Let $n=2w$ be the length of the code. Consider the set $E=\{a: w_H(a)=w\}$ of all $n-$vectors of weight $w.$ These are the allowed error patterns, and $|E|=\binom{2w}{w}.$ Now let $$C=E \cup \{\mathbf{1},\mathbf{0}\}$$ where $\mathbf{1}$ is the all 1 vector of length $n$ and $\mathbf{0}$ is the all 0 vector of length $n$. Clearly, for all errors $e \in E$ (which are all errors of weight $w$) an errored codeword $c$ maps to another codeword $c'.$

Let the support of a vector $(x_1,\ldots,x_n)$ be the subset$S_x$ of $\{1,\ldots,n\}$ where, $$i\in S_x \Leftrightarrow x_i=1.$$ There are two special cases: if $e$ is the complement of $c$ then $c+e=\mathbf{1}$ and a if $e=c$ then $e+c=\mathbf{0}.$ In general, if the overlap in the supports of $c$ and $e$ is $t \in \{1,2,\ldots,w-1\},$ i.e., $|S_{c+e}\cap S_c|=t,$ and $c'=c+e$ we have that the size of the support of $c'$ is $$|S_{c+e}|=|S_{c}\setminus (S_c \cap S_e)|+|S_{e}\setminus (S_c \cap S_e)|+|=(w-t)+[n-w-(w-t)]=n-w$$ which equals $w$ when $n=2w$ as required.

End of Edit

If a binary code is perfect (with $d=2t+1$) then the $t-$spheres of radius $t$ around codewords fill the space, not those of radius $d.$

The only binary perfect codes are the repetition code of odd length, the Hamming code and the Golay Code, and these are the only possible parameters.
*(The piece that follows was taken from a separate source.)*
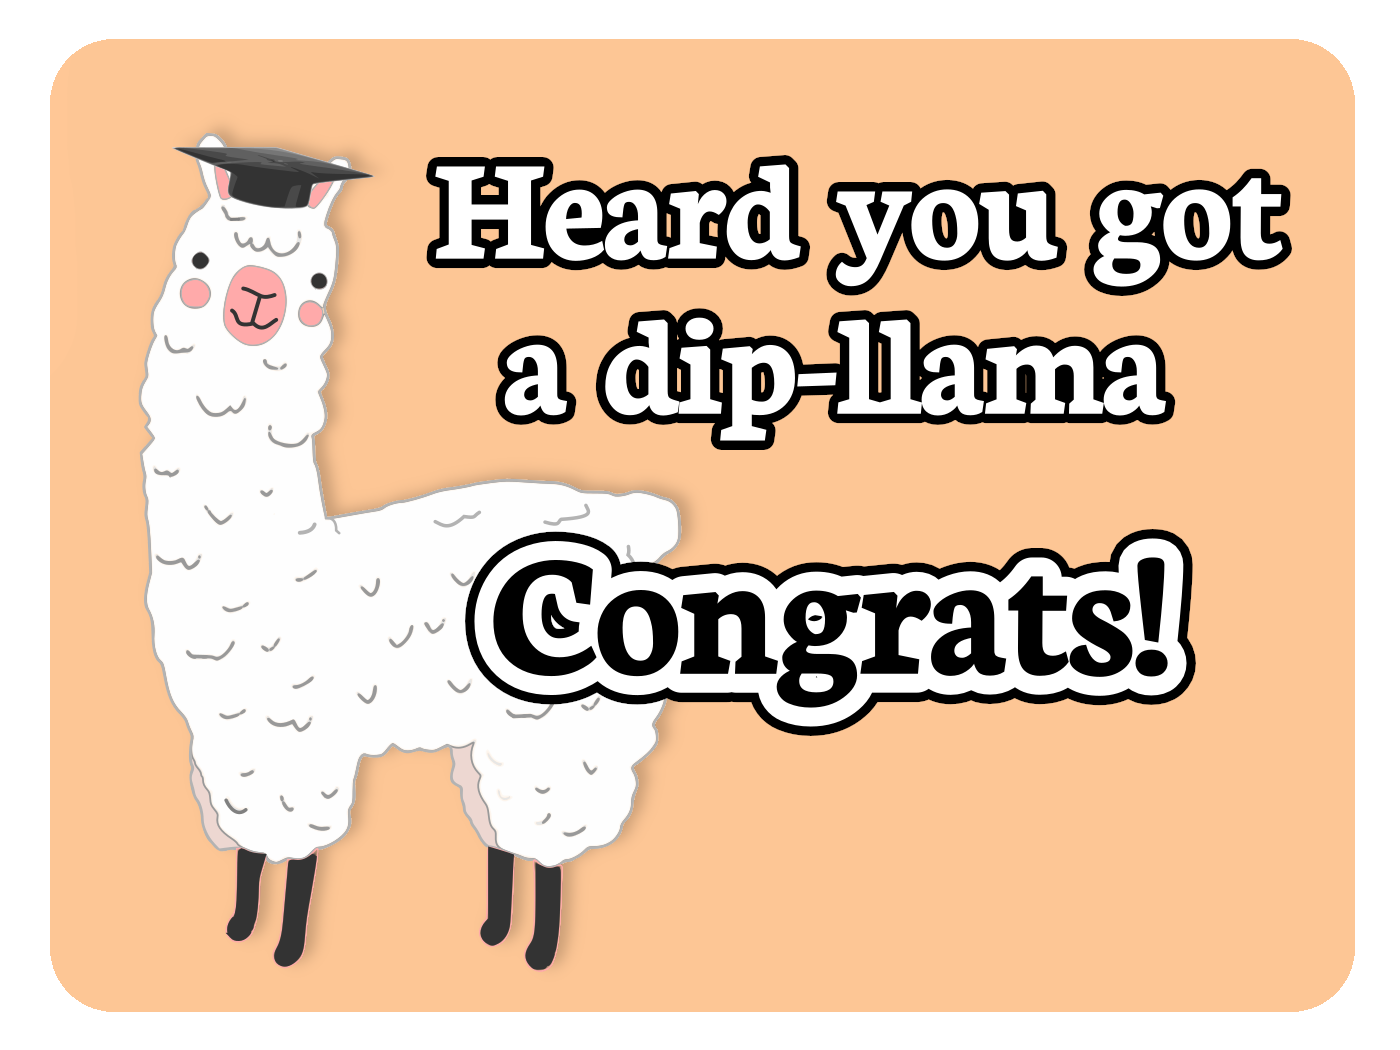 Got a Dip-Llama

Consider the $[n,k,d]=[2^m-1,2^m-m-1,3]$ Hamming code, flipping any $d=3$ bits of the Hamming code would give you $\binom{2^m-1}{3}=\frac{(2^m-1)(2^m-2)(2^m-3)}{6}$ distinct vectors but some of those will have pairwise distance $1$ and $2$, surely they are not codewords in the Hamming code.

See wikipedia for more.

Another code with pairwise equal distances is the Simplex code which is a $[2^m-1,m, 2^{m-1}-1]$ code, closely related to the Hadamard code, but these codewords don't have that property either. It can only be that for some set of $d$ flips you get another codeword.

For the trivial repetition code with $d=n$ your property holds, of course.
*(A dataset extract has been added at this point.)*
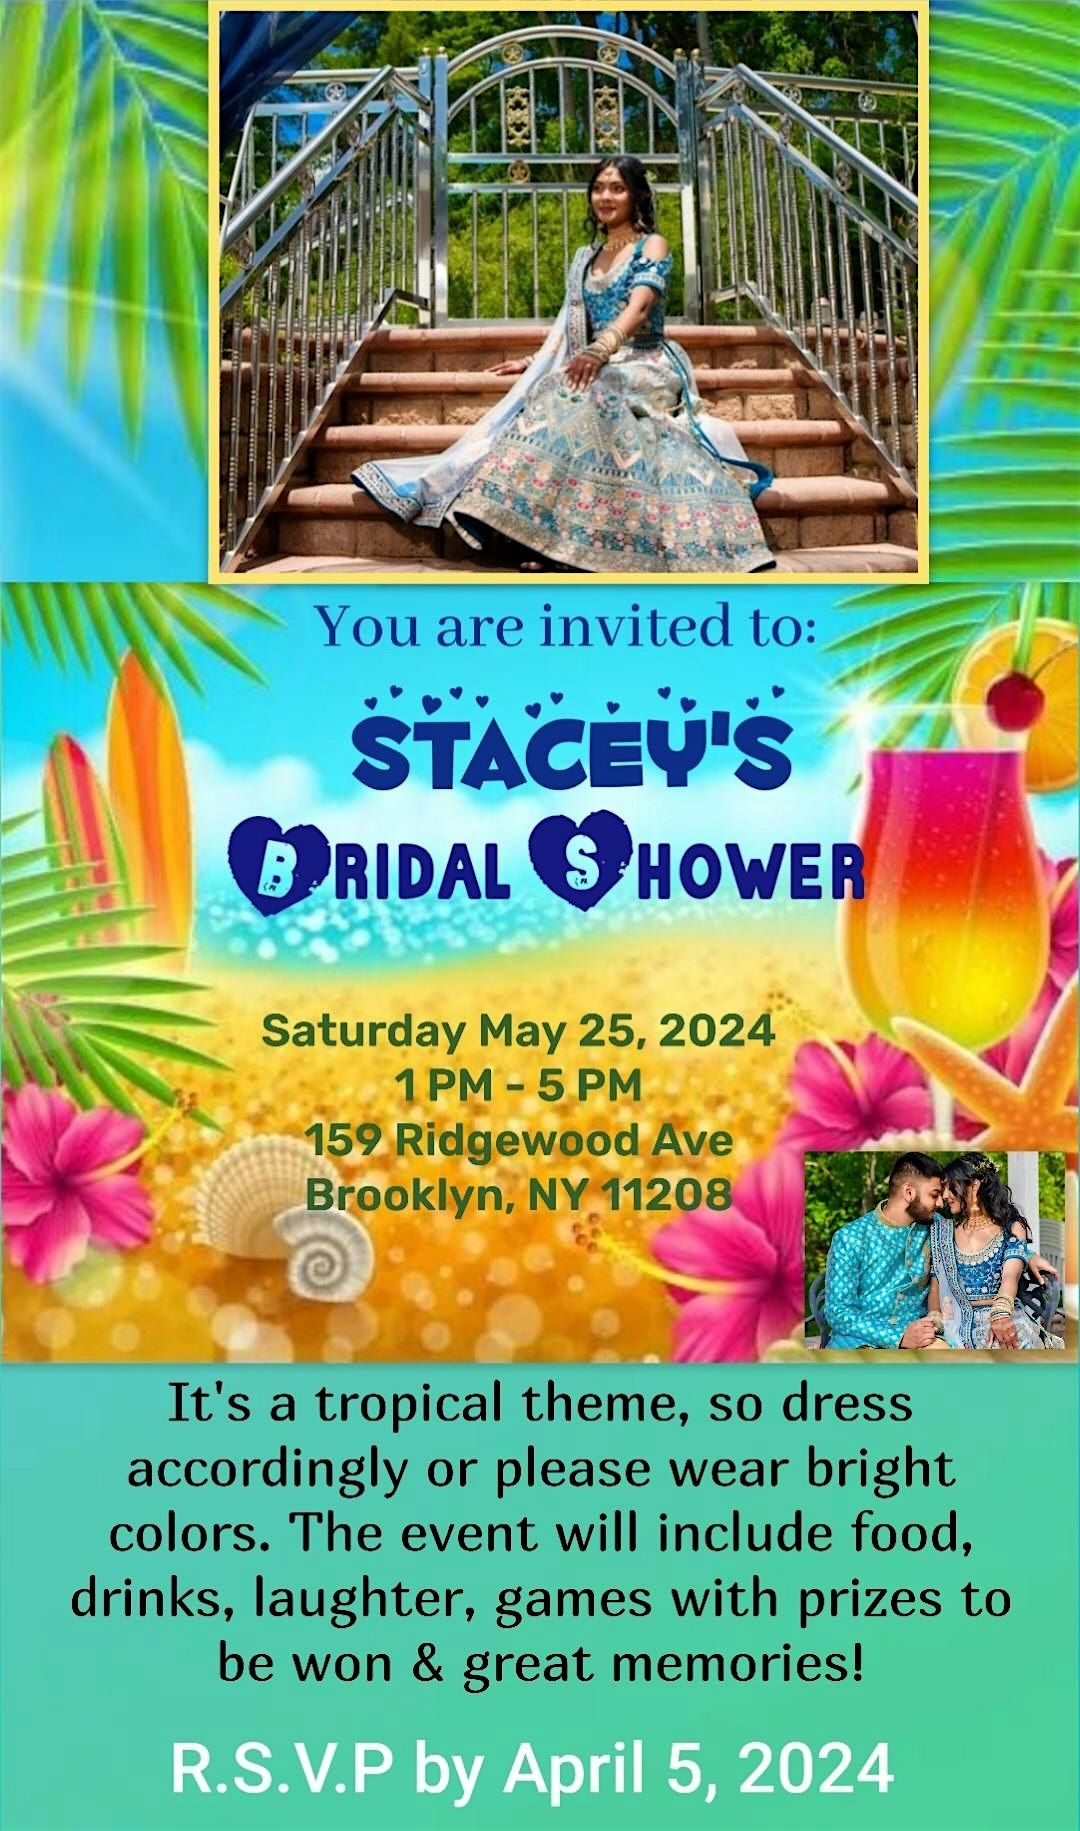 Stacey's Bridal Shower, RSVP by April 5, 2024

Edit: So, the only binary MDS codes are

  1. the repetition codes $[n,1,n]$, thus with the two codewords of all zeroes and all ones. When $n$ is odd, these are perfect, and have your property. They achieve the Hamming bound with $t=0.$
  2. the universal code $[n,n,1]$ containing all vectors of length $n$ and have your property. For odd $n$, they achieve the Hamming bound with $t=(n-1)/2,$ but not for $n$ even.
  3. the even weight code $[n,n-1,2]$ made up of codewords of even weight only. These have your property. These don't achieve the Hamming bound.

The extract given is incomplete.